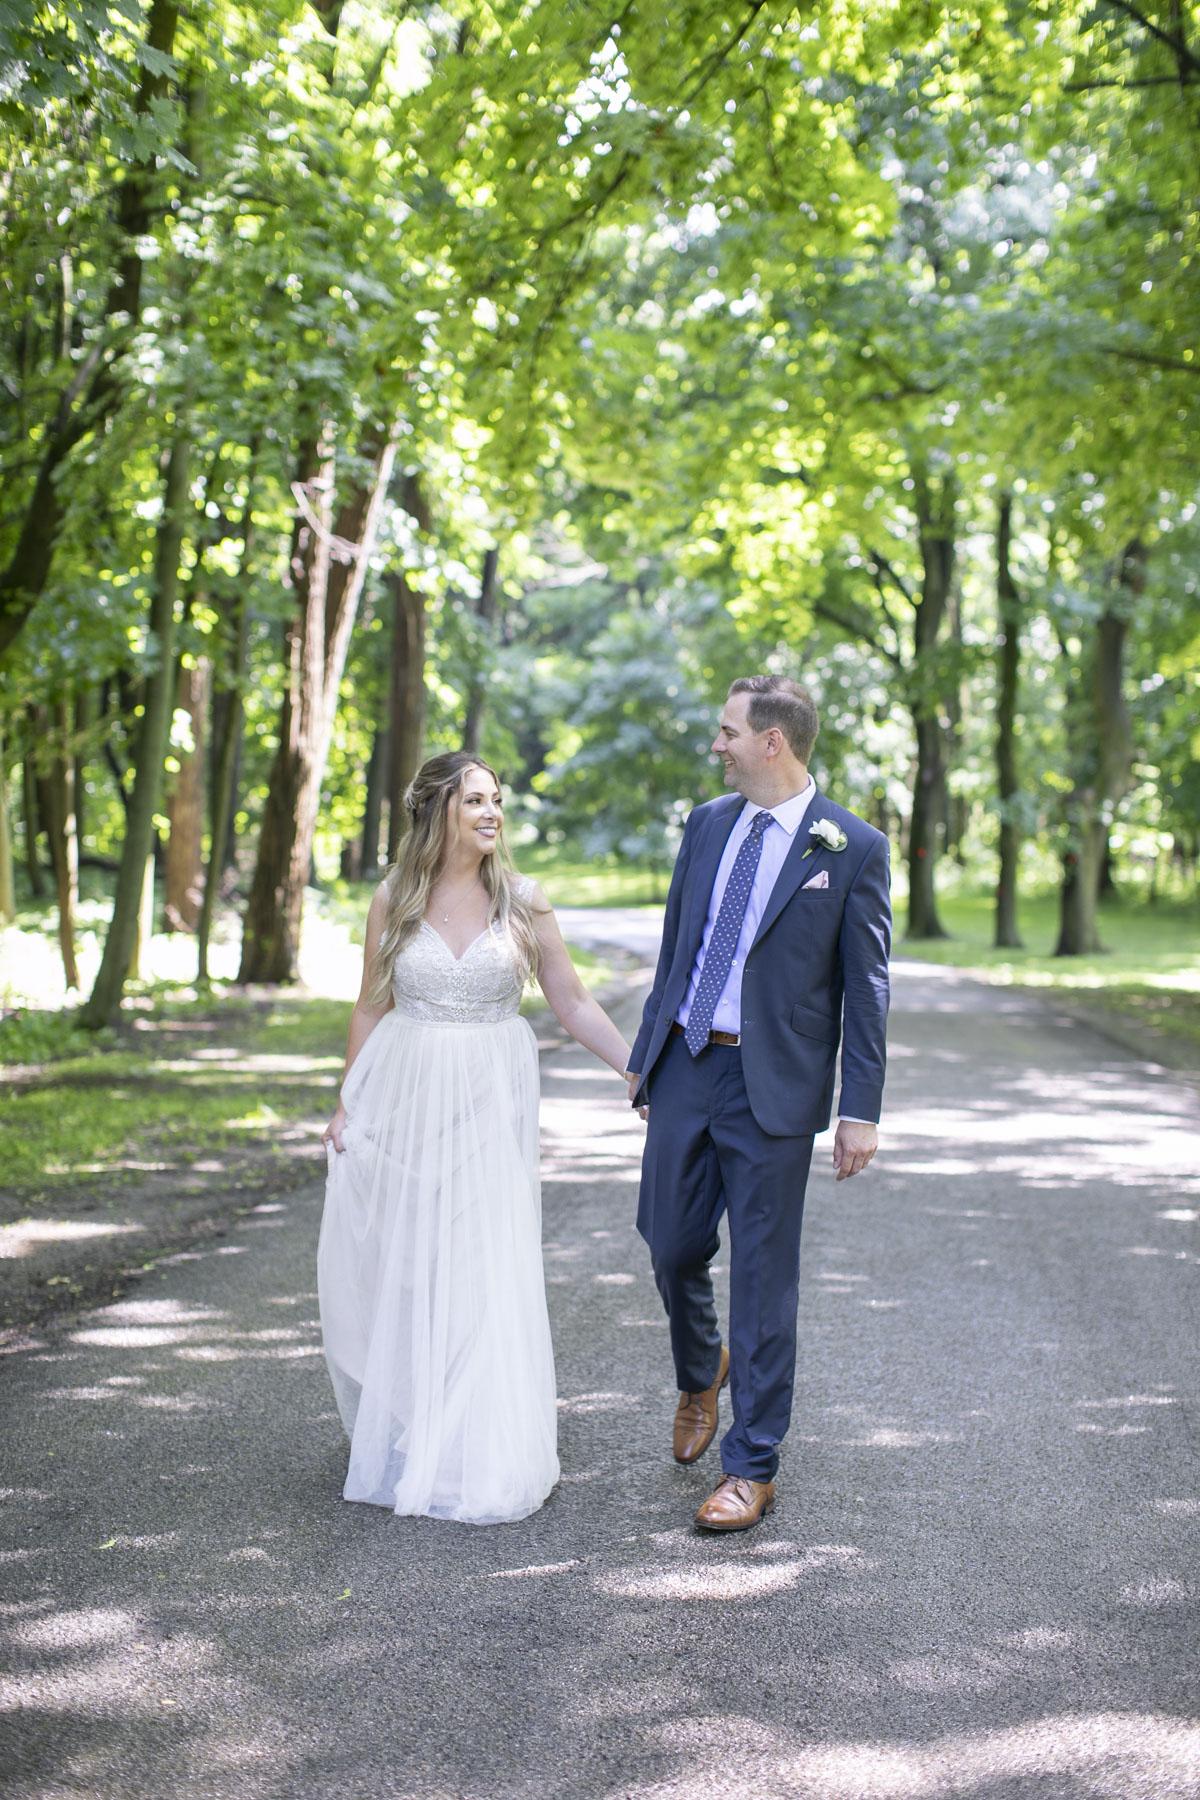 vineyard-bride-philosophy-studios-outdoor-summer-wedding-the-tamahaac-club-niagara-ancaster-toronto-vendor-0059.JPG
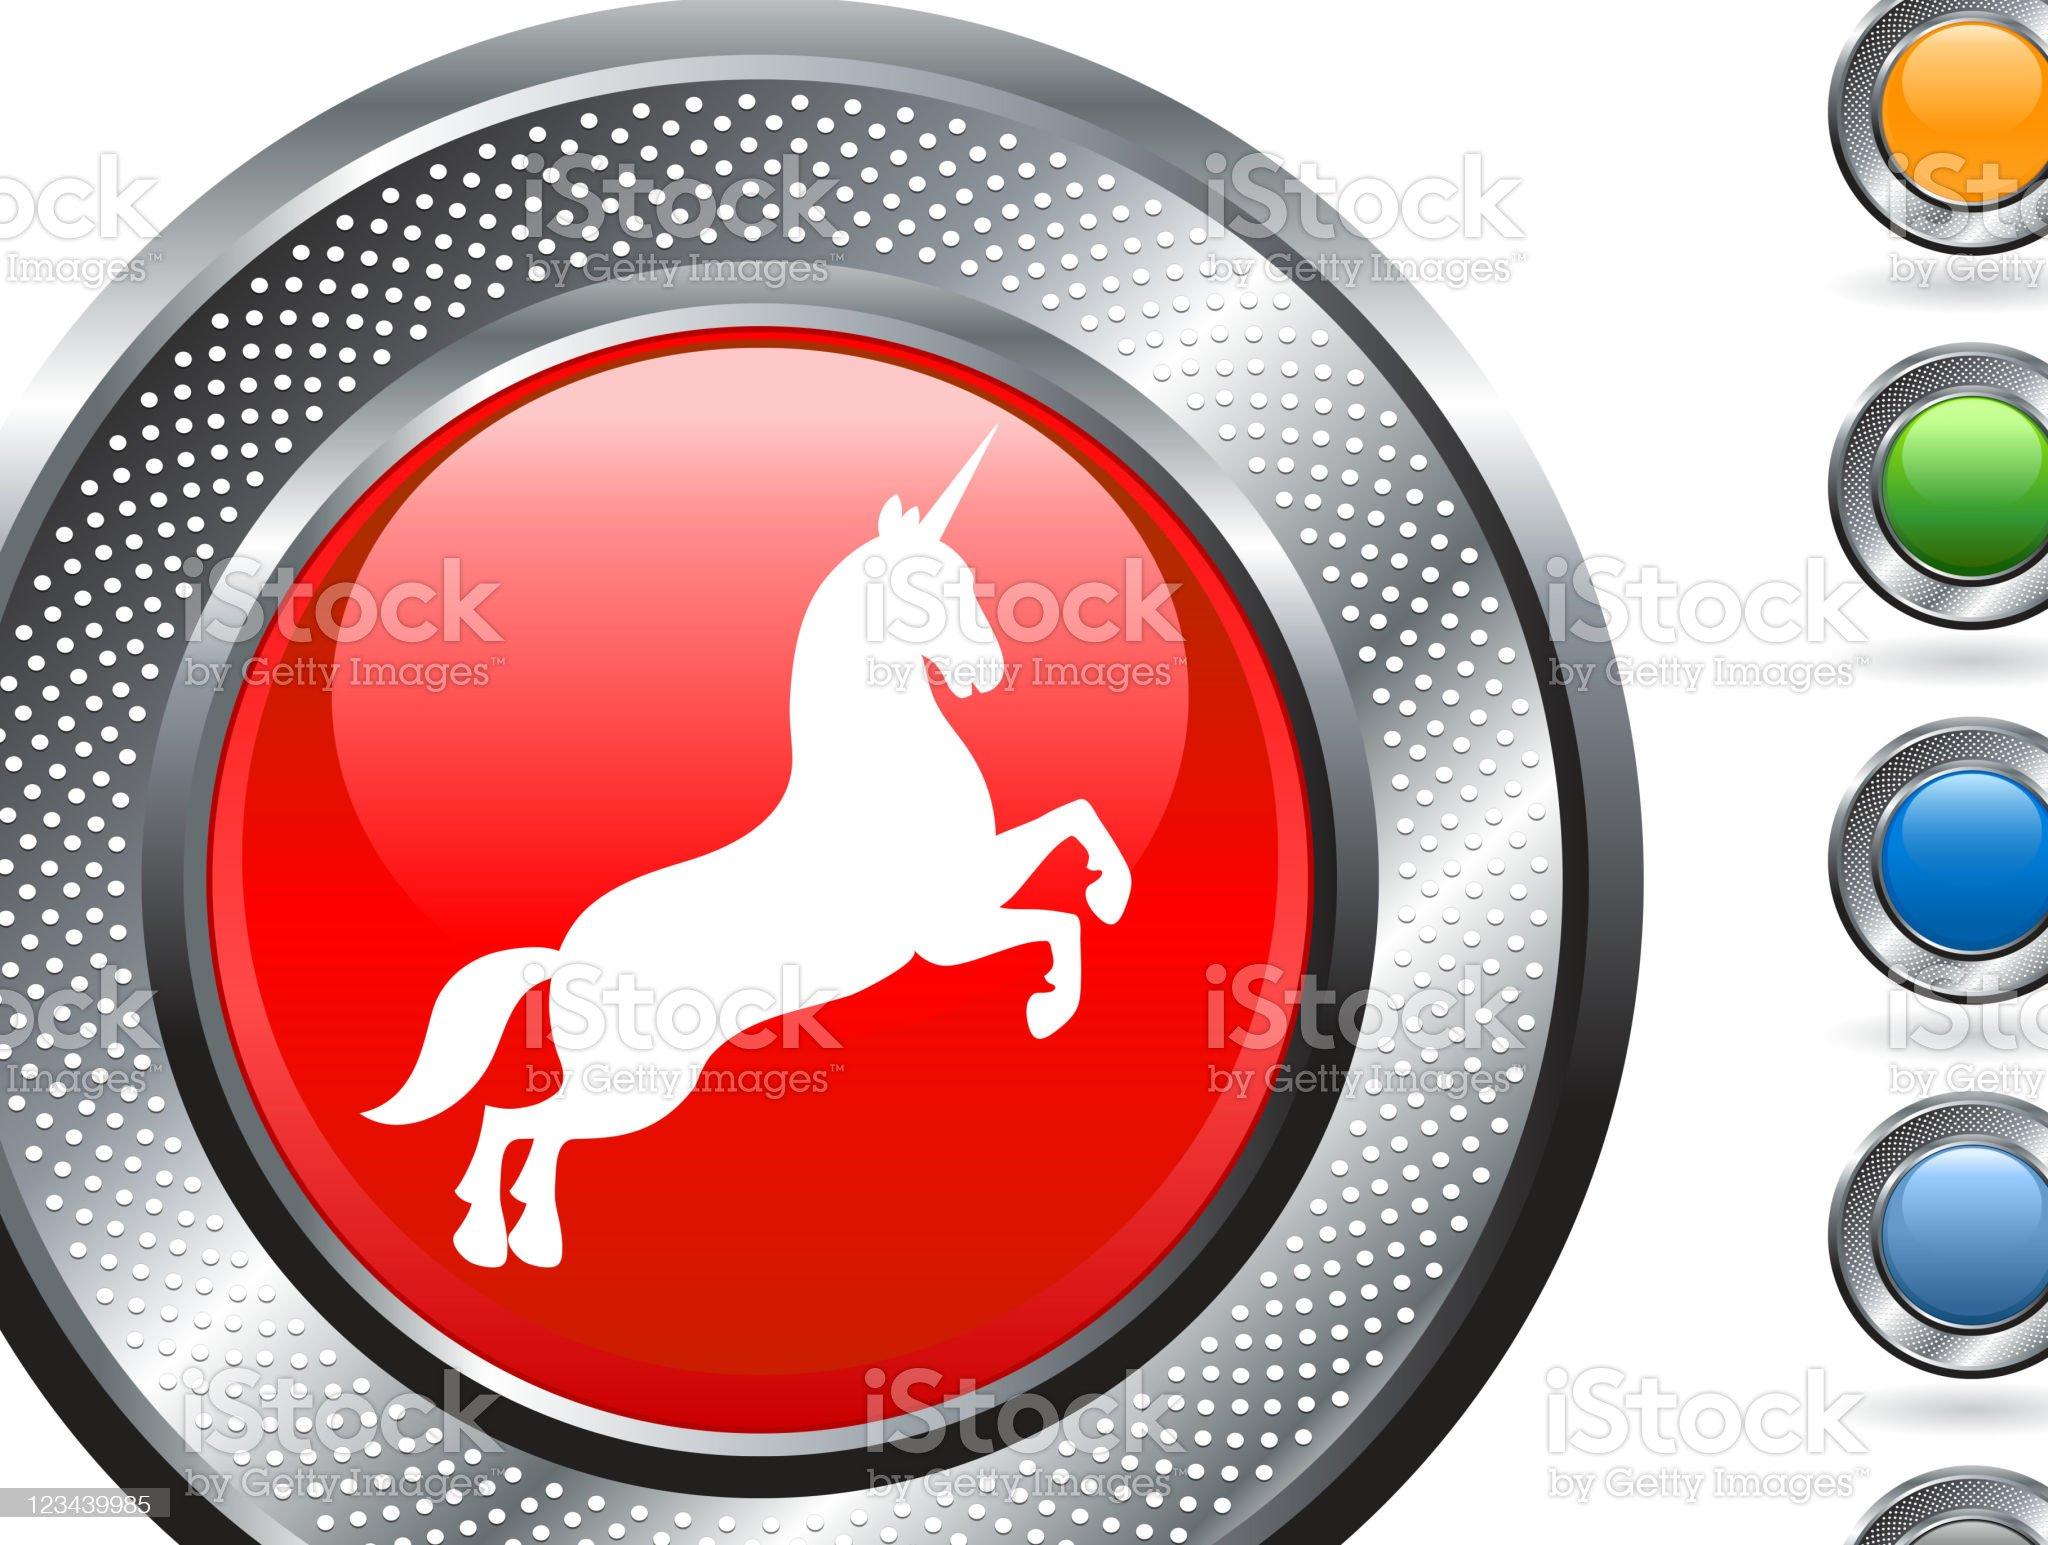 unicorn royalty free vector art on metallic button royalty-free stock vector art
...
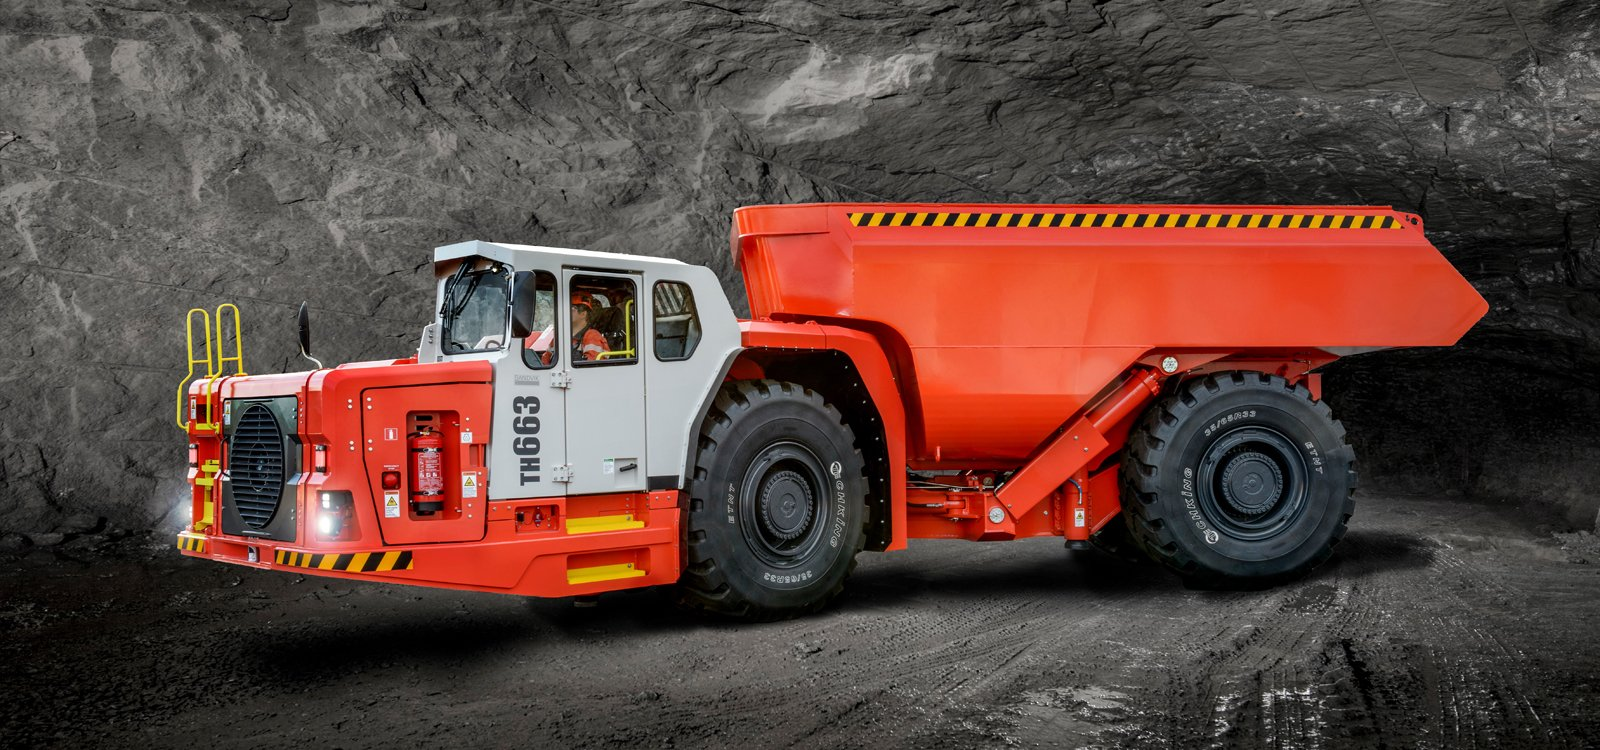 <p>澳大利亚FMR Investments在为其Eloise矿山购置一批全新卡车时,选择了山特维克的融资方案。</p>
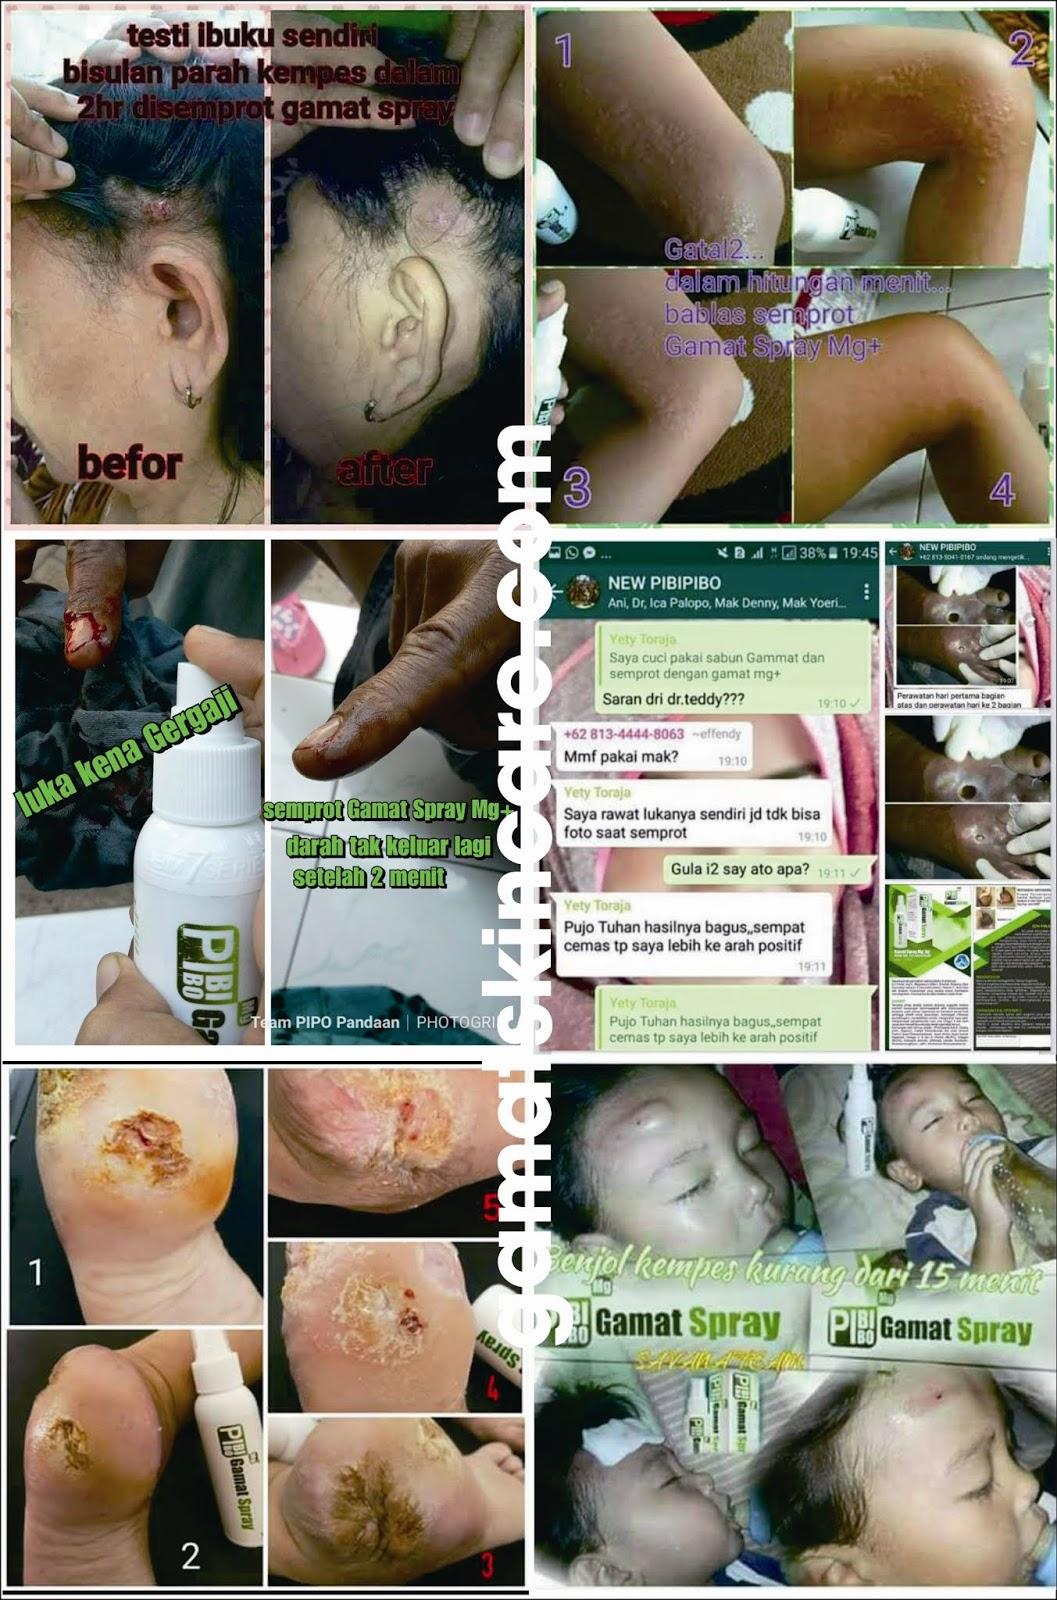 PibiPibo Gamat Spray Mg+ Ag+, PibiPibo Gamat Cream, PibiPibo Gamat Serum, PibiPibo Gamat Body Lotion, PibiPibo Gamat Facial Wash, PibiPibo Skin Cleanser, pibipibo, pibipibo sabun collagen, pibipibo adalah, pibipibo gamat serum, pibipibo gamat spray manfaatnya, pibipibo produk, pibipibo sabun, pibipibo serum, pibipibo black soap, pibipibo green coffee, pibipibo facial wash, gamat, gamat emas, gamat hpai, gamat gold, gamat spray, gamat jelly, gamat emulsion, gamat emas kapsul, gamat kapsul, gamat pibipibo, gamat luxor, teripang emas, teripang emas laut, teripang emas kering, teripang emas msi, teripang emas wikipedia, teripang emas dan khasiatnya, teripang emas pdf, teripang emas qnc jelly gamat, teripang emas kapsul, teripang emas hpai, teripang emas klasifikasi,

■ **EXERCISE OBJECTIVE**
Each line above starting at the one holding "<p>澳大利亚FMR Inv" and ending at the one holding "PibiPibo Gamat Spray Mg+" should be set down exactly as it stands, both ends included, with no pictures.

■ **SOLUTION TO THIS PROBLEM**
 <p>澳大利亚FMR Investments在为其Eloise矿山购置一批全新卡车时,选择了山特维克的融资方案。</p>
 PibiPibo Gamat Spray Mg+ Ag+, PibiPibo Gamat Cream, PibiPibo Gamat Serum, PibiPibo Gamat Body Lotion, PibiPibo Gamat Facial Wash, PibiPibo Skin Cleanser, pibipibo, pibipibo sabun collagen, pibipibo adalah, pibipibo gamat serum, pibipibo gamat spray manfaatnya, pibipibo produk, pibipibo sabun, pibipibo serum, pibipibo black soap, pibipibo green coffee, pibipibo facial wash, gamat, gamat emas, gamat hpai, gamat gold, gamat spray, gamat jelly, gamat emulsion, gamat emas kapsul, gamat kapsul, gamat pibipibo, gamat luxor, teripang emas, teripang emas laut, teripang emas kering, teripang emas msi, teripang emas wikipedia, teripang emas dan khasiatnya, teripang emas pdf, teripang emas qnc jelly gamat, teripang emas kapsul, teripang emas hpai, teripang emas klasifikasi,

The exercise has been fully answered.